* _GIVEN INFORMATION_
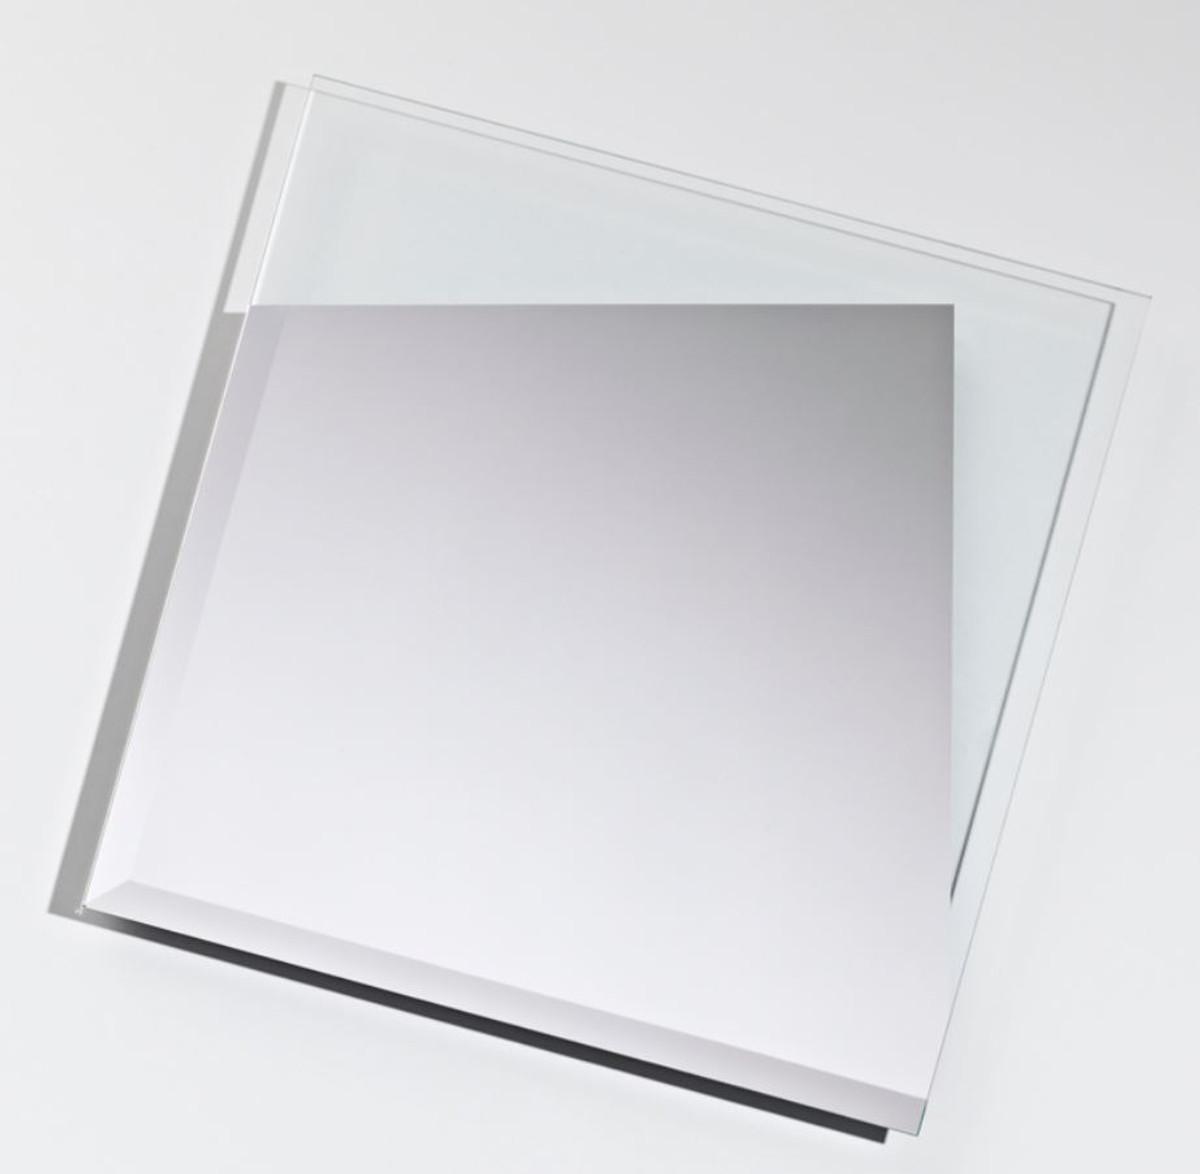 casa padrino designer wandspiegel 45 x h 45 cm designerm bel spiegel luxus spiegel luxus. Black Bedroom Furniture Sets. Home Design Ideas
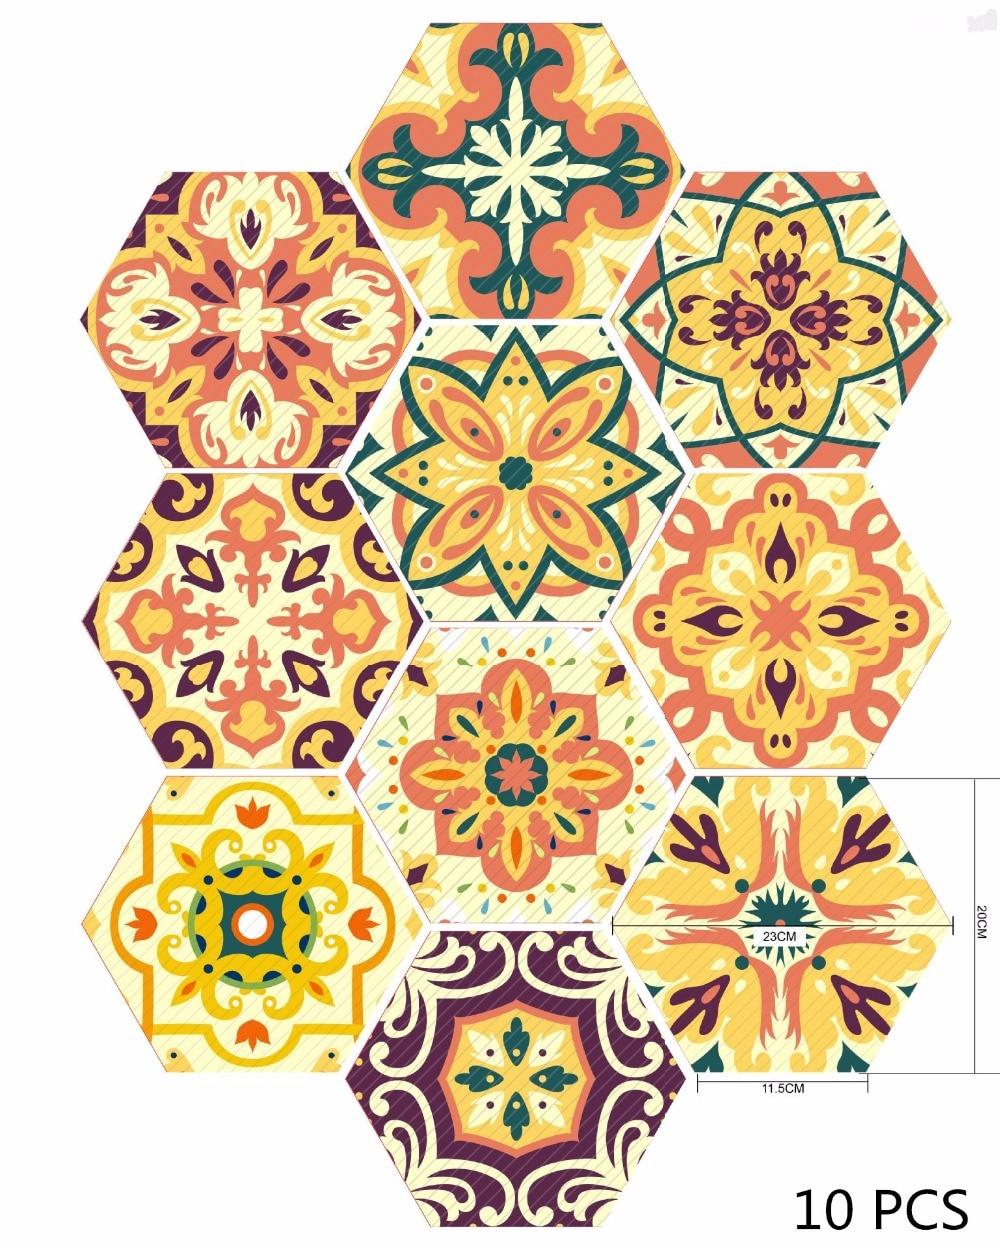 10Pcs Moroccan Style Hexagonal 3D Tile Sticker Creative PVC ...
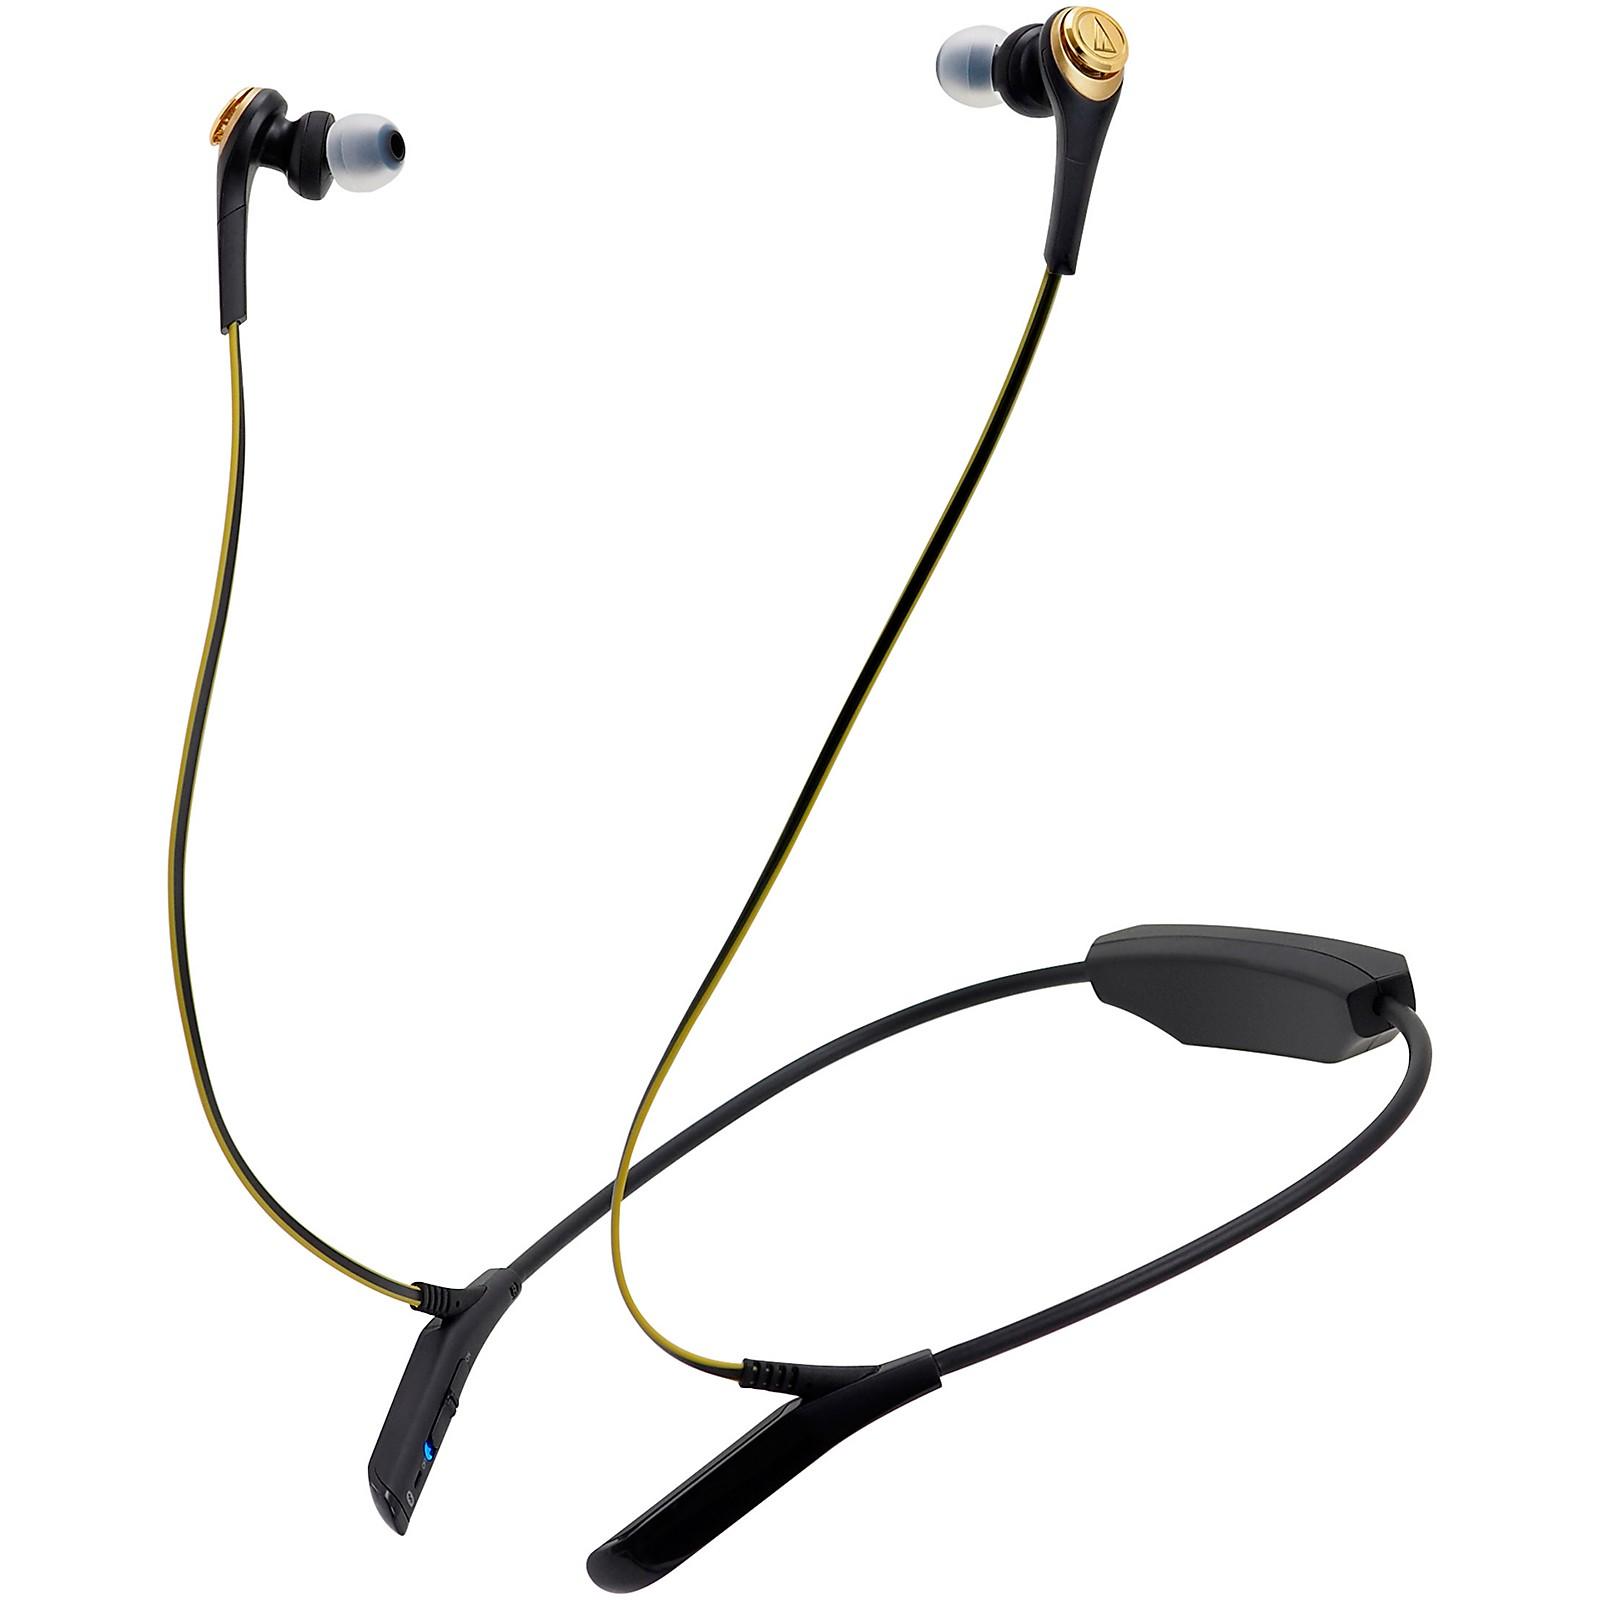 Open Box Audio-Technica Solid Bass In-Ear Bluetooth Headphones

* _PROBLEM TO SOLVE_
Write the material above out again exactly. Omit every image.

* _RESULT FOR THIS EXERCISE_
 casa padrino designer wandspiegel 45 x h 45 cm designerm bel spiegel luxus spiegel luxus. Black Bedroom Furniture Sets. Home Design Ideas
 10Pcs Moroccan Style Hexagonal 3D Tile Sticker Creative PVC ...
 Open Box Audio-Technica Solid Bass In-Ear Bluetooth Headphones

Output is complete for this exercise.